AWS ALB Limitations

Some gripes on AWS Application Load balancers.

Cost

ALBs are not “serverless” and cost at least $20/month to run. This adds up quickly when you have many microservices, several environments, and potentially multiple deployments within each environment. Unfortunately, managing a single shared ALB is actually more difficult than spinning up a new one for each service.

Listener Rules & Priority Numbers

Listener rules are difficult to manage in a decentralised manner. When you create a routing rule on an ALB e.g. “path /foo should be directed to Target Group bar”, you need to specify a priority on that rule.
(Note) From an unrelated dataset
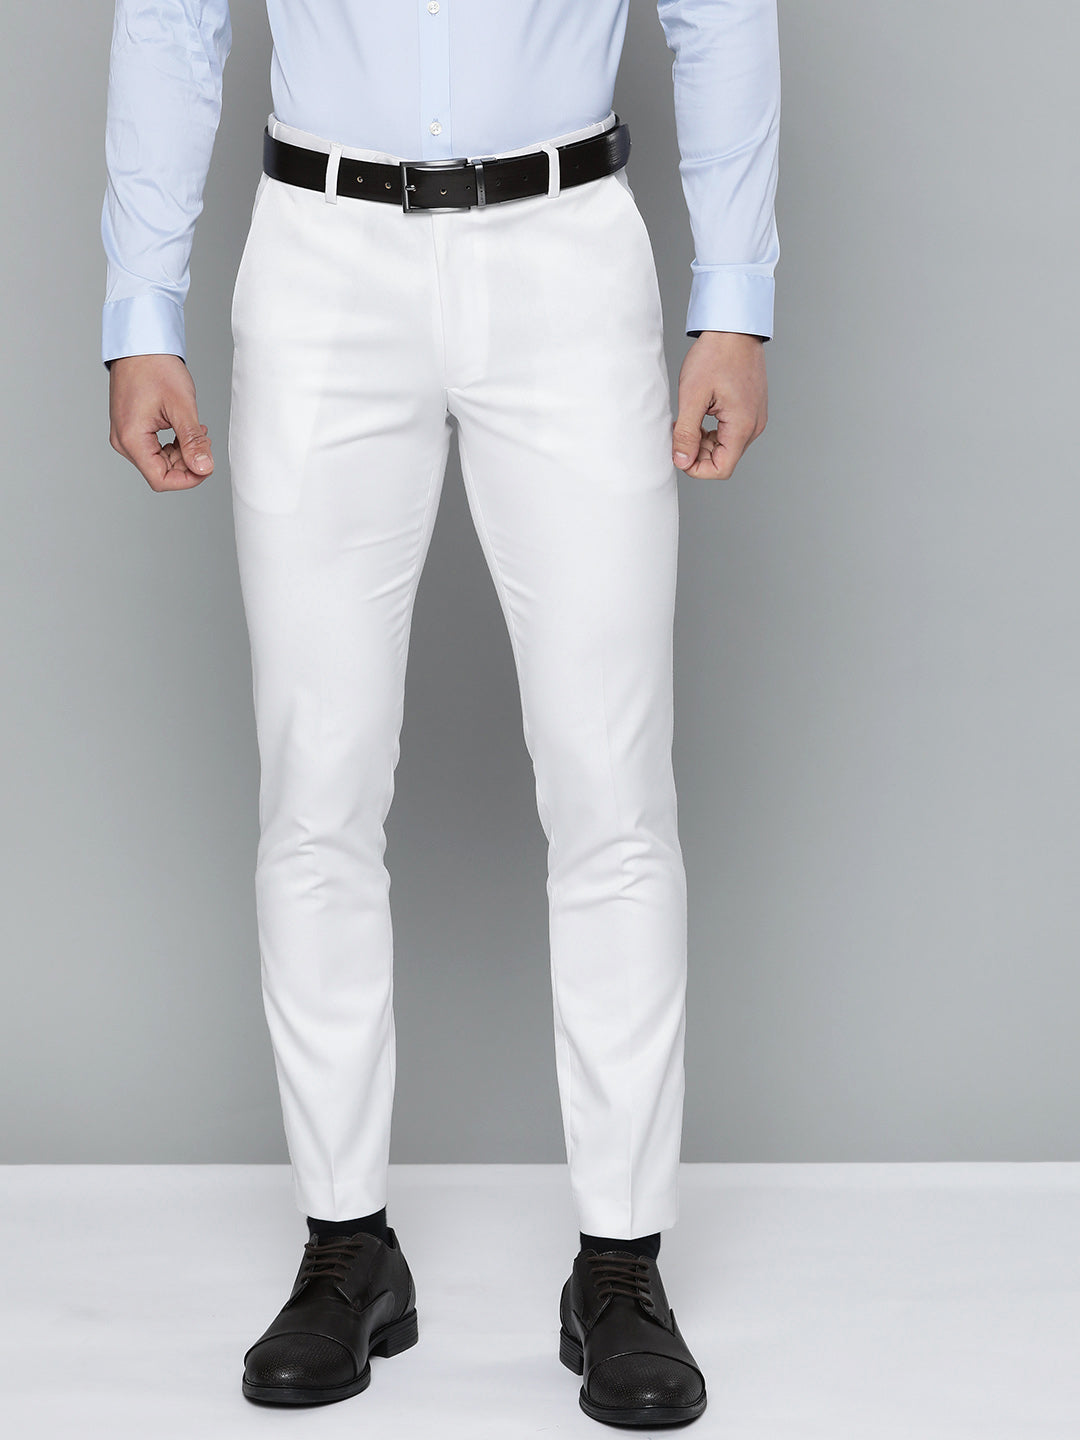 ASOS DESIGN smart tapered linen mix trousers in white | ASOS

When a request enters the ALB, it is matched against each rule in the order of priority until there is a match.

What this means, is that you cannot easily deploy a microservice with standalone configuration to a shared ALB. To create a rule, you must know which priority “slot” you will use (1-100), and the only real way to do this dynamically is to query the ALB to find out what rules already exist, and then pick a “slot” that is free.
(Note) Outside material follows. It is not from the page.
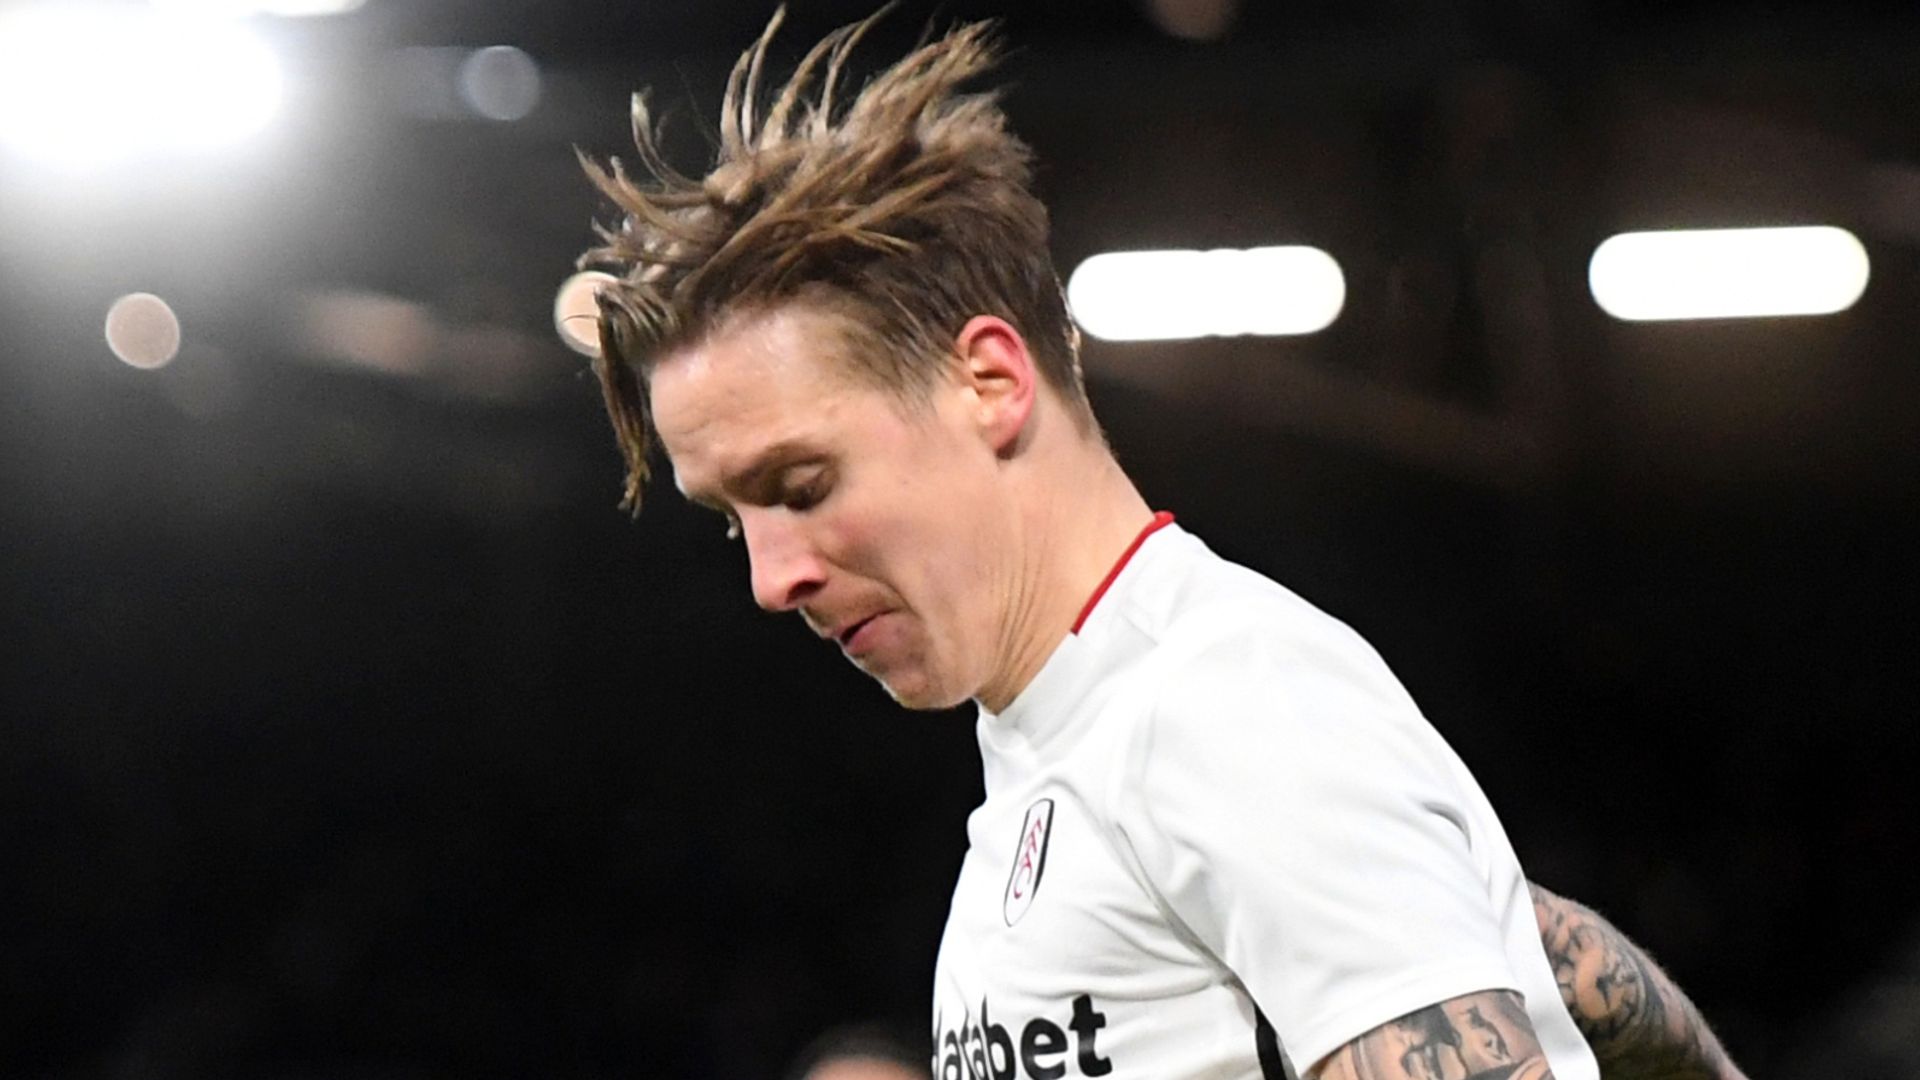 Fulham open to offers for Johansen, Seri, Le Marchand

Compared to microservice-native load balancing solutions like Traefik or Fabio (where a microservice merely needs to advertise itself to the load balnacer), this is quite clunky and can hamper your CI/CD efforts.

Canary Deployments

ALB has no capability to route portions of traffic to different target groups. In a canary deployment, you gradually route increasing amounts of traffic to your new deployment and use error rate monitoring to roll back if there’s an issue. If you are using ALB’s routing rules to do deployments (by changing the Target Group), you cannot implement canary deployments. The current recommendation is to use Route53 (DNS) to do canary deployments. This is not ideal as rollbacks are at the mercy of each client and are not instant or even guaranteed.

ECS Services

You can only register one Target Group to an ECS Service.

This can impact the ability to have both internal and internet-facing addresses for a microservice, as an ALB can only be one or the other.